By RICHARD DE COMBRAY


Traces of England remain in this city of 214,000 people: for example, in the austerity of the quiet, shaded streets and in a certain decorousness in the behavior of the Bordelais. There are shops of infinite refinement--for chocolates, for pates, for caviar or champagne or good silver. Discreet signs advertise a "Gentlemen's Clothier." On the Cours Alsace-Lorraine, the Sanglier de Russie (founded 1814) offers brushes in every imaginable form. On the Rue des Ramparts a shop sells only razors. Tobacconists sell enameled corkscrews for opening favorite Bordeaux wines.

But although the Britishness of Bordeaux is singular, the city's proximity to Spain and the south manifests itself as soon as the weather gets warm. Tables are set out on the sidewalks or sprawl across the cobblestones in the vast network of car-free pedestrian streets, and the squares are jammed with parasols. The 17th century Place du Parlement vibrates with chatter, while around the corner the crescent-shaped riverside Place de la Bourse endures a power-hose spray-cleaning, ready to be acknowledged as one of the architectural marvels of Europe.

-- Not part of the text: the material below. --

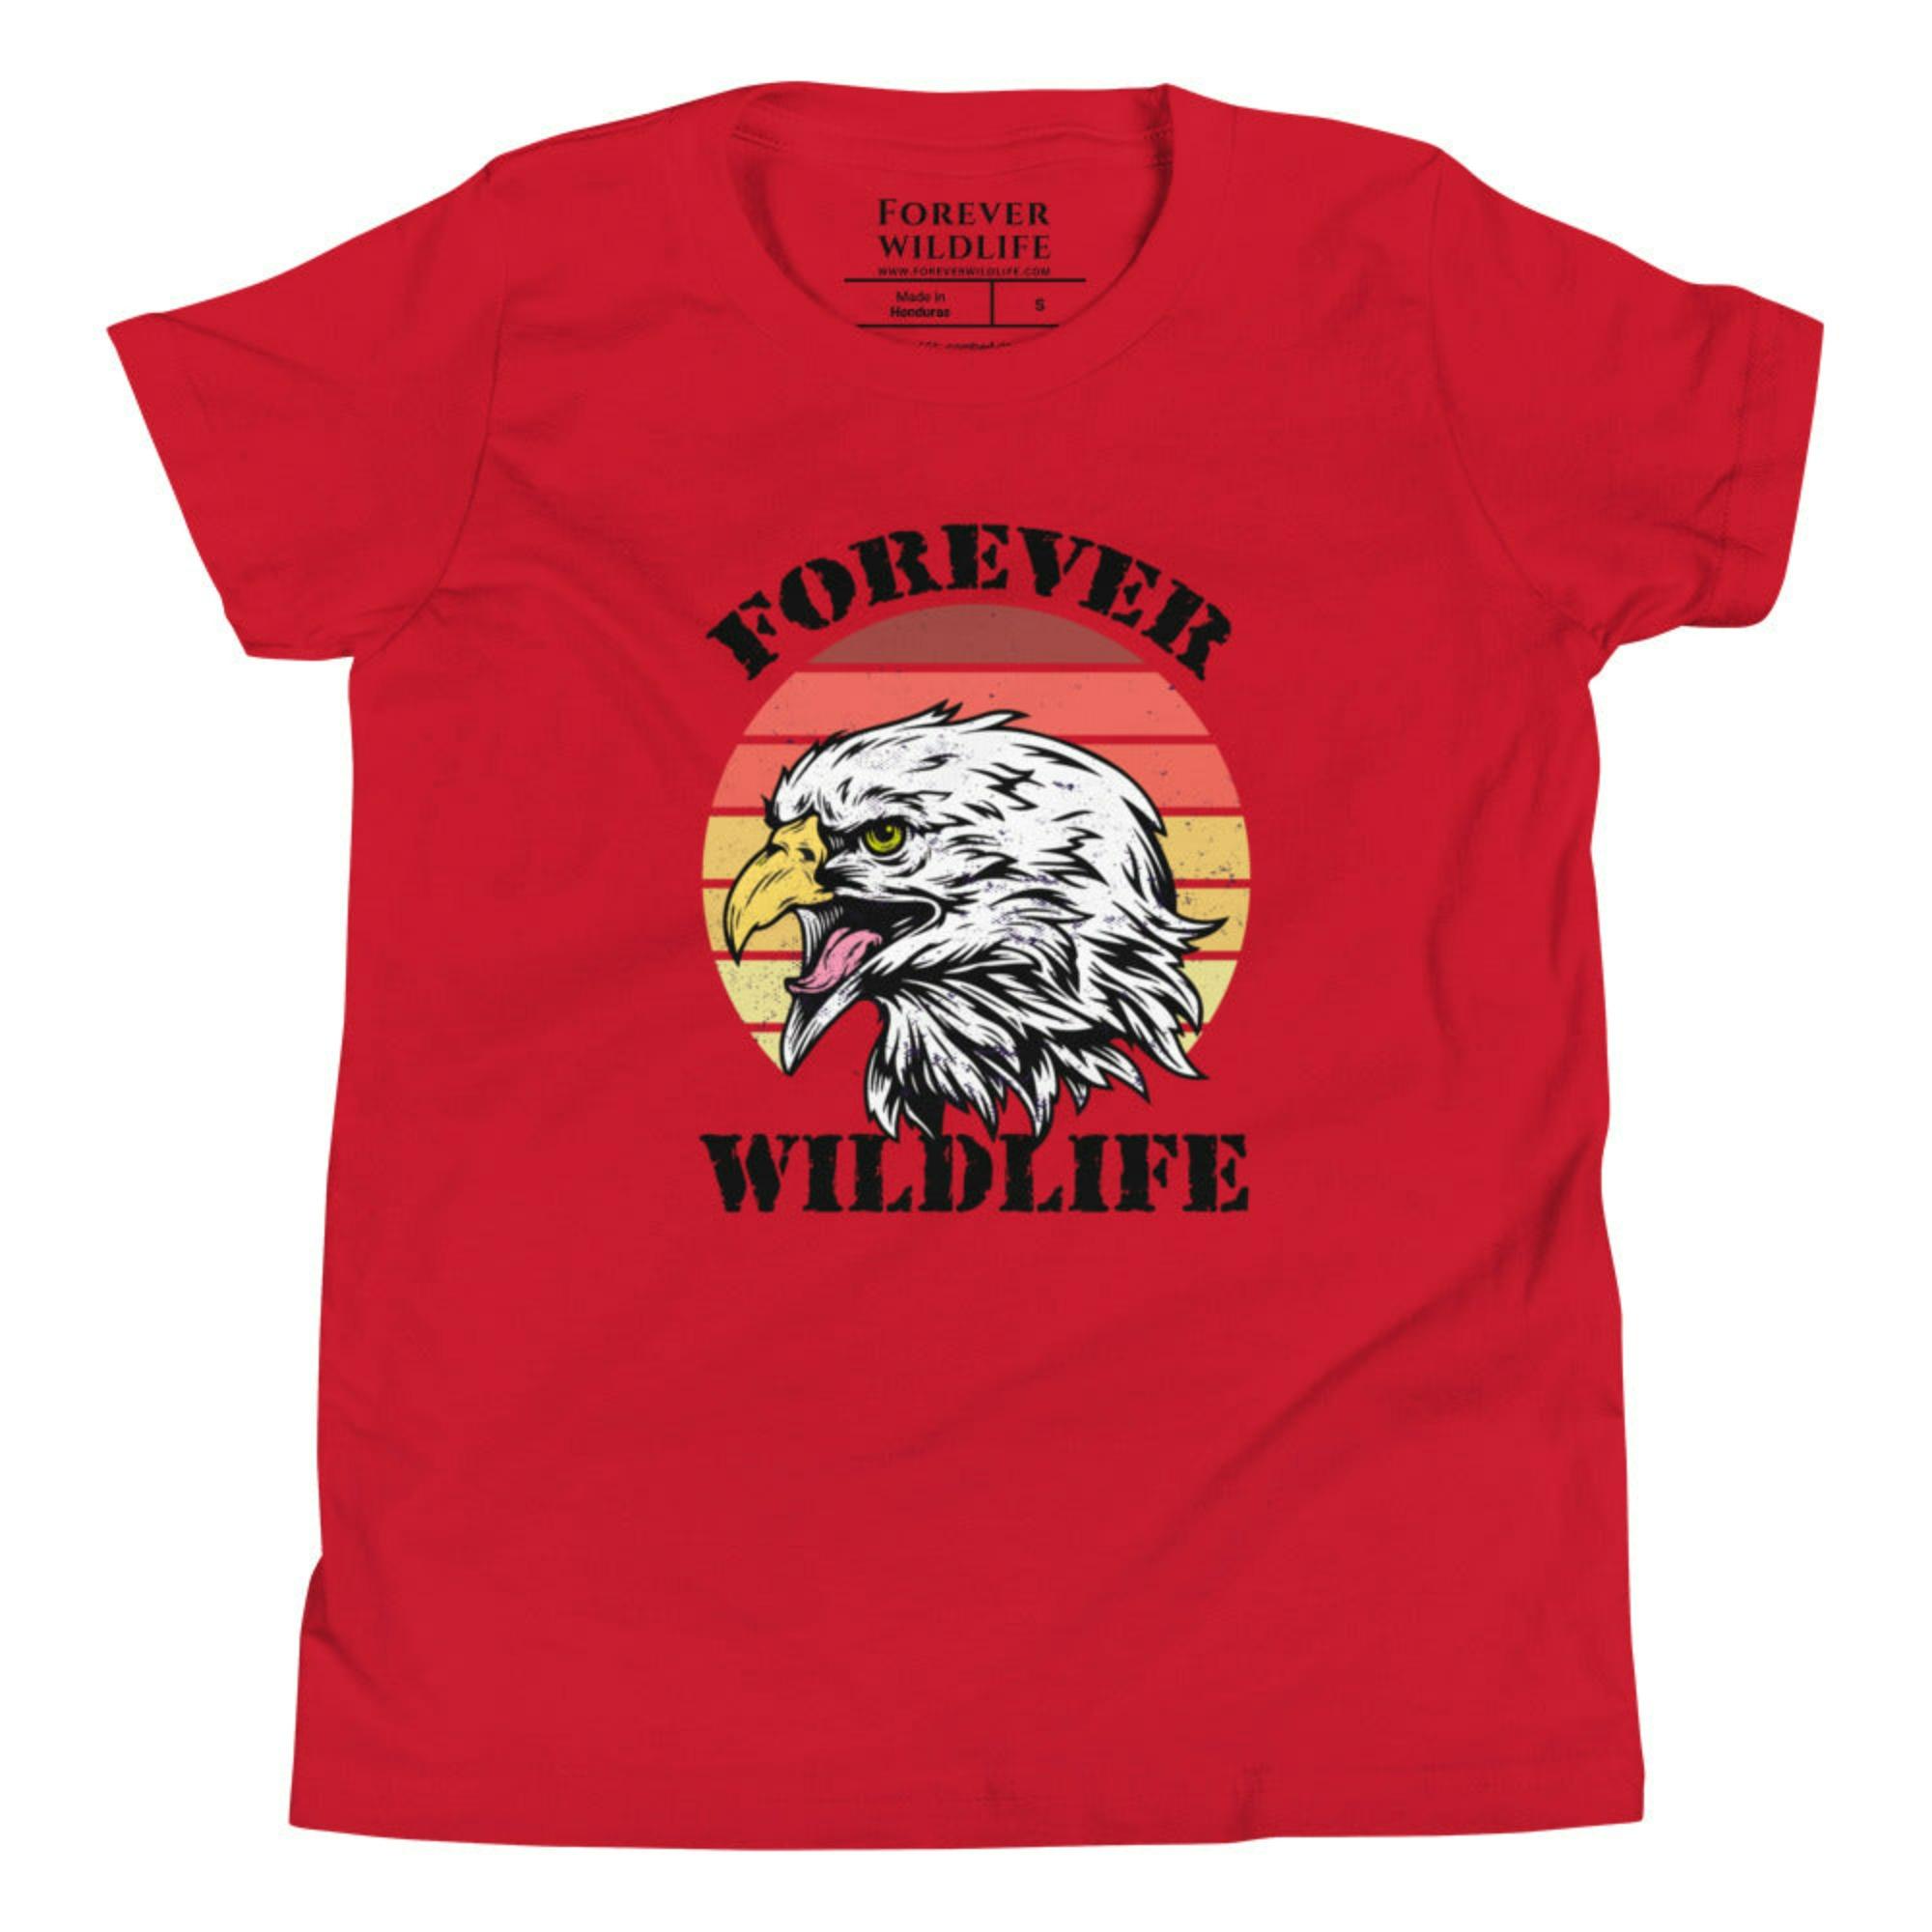 Red Youth T-Shirt with Eagle graphic as part of Wildlife T Shirts, Wildlife Clothing & Apparel by Forever Wildlife

Throughout this extensive neighborhood, much of it medieval, the liveliness feels Mediterranean rather than Atlantic, provincial instead of urban. Churches like St. Pierre seem to have sunk through the centuries under their own weight, like the ancient Byzantine churches in Greece. Weighty, too, and awaiting restoration, the ancient Basilica St. Michel faces the Place Canteloup, a square in which four days a week a flea market-cum-open-air souk competes with parked cars. This cheek-by-jowl atmosphere is so beguiling, both ethnically and historically, that it's hard to resist the impulse to pull up a chair at the Cafe de la Fraternite, order some mint tea and merely watch, lost in time and place.

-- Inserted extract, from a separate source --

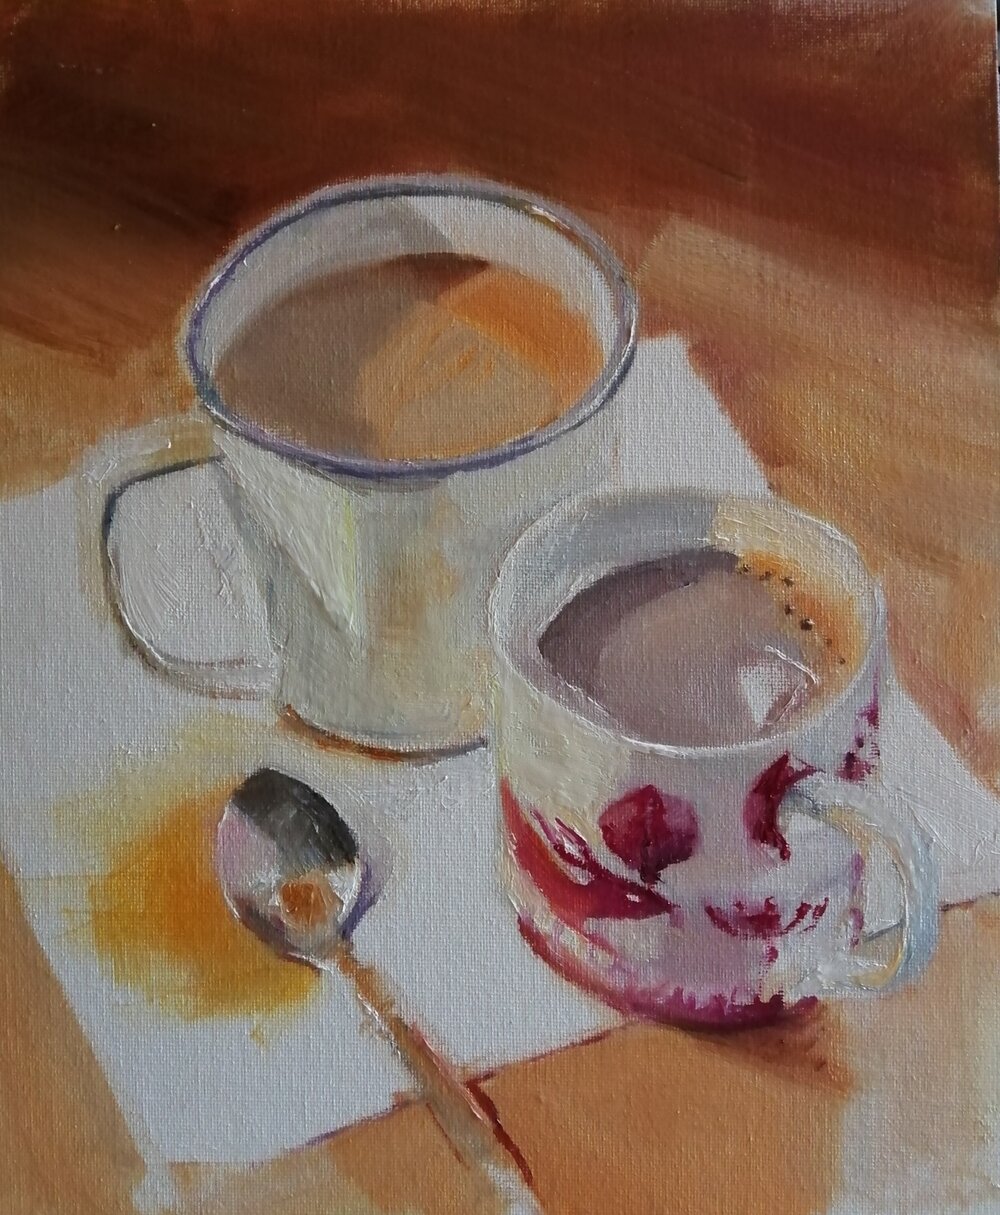  Tea or chocolate?  Oil on board  25.5x30.5 cms  £395  A still life composition with two cups of hot drinks on a diagonally placed square of material.

A surprise of another sort can be found in the Museum of Contemporary Art, a former warehouse built in 1814. The simplest of wooden doors leads to a stone space three stories high, intriguingly proportioned to contain the largest possible artworks. At times the exhibitions mounted here are too arcane for even the most intrepid avant-gardist; nonetheless the space alone is worth the visit.

Bordeaux's museums are many: the Museums of Decorative Arts, of Fine Arts, of Aquitaine, of Natural History. There is also the Grand Theater--a curious name, given that the building is so non-monumental. It's a small and brilliant jewel, with four tiers of boxes in semicircles, framed by columns that are echoed in diminishing perspective by the stage curtain. The sound, even from the top tiers (called Attic and Paradise), is impressive. So is the vertigo.

In Bordeaux there is a constant awareness of food and wine, obvious obsessions given the 135,000 hectares of vineyards that begin just at the city's edge: Margaux, Paulliac, St. Estephe, St. Emilion--5,000 wine-producing chateaux, 178 crus classes, 850 million bottles a year. The wine list at the pricey restaurant Le Chapon Fin goes back even further than its Belle Epoque decor. Less grand and somewhat frenzied, La Tupina is more interested in getting the wonderful food to the table and holding back the throngs who have learned of its great reputation. Then there's the neighborhood bistro Le Malby, run by a proprietor who serves a first-class meal with decent wine for about $30. He'll also provide the one thing almost unobtainable in France, except at the Ritz in Paris: a perfect dry martini.

The city plans to welcome World Cup visitors at the Mondial Cafe, an immense reception area on the Esplanade des Quinconces equipped with a giant TV screen, a press center, a vast terrace for concerts, two bars and seven restaurants. A "Global Village" will offer exhibits from participating countries: the brass-and-percussion bandas of Aquitaine, which play at the ferias and bullfights of Spain and the French southwest, will stage an outdoor music festival from June 19 to 21; on the quays there will be a huge wine-tasting with dancing, street theater, rustic markets and restaurants serving southwestern specialties, and fireworks over the Garonne River from June 26 to 28. And from June 28 to 30 a fleet of 30 hot-air balloons will waft across the city's skies.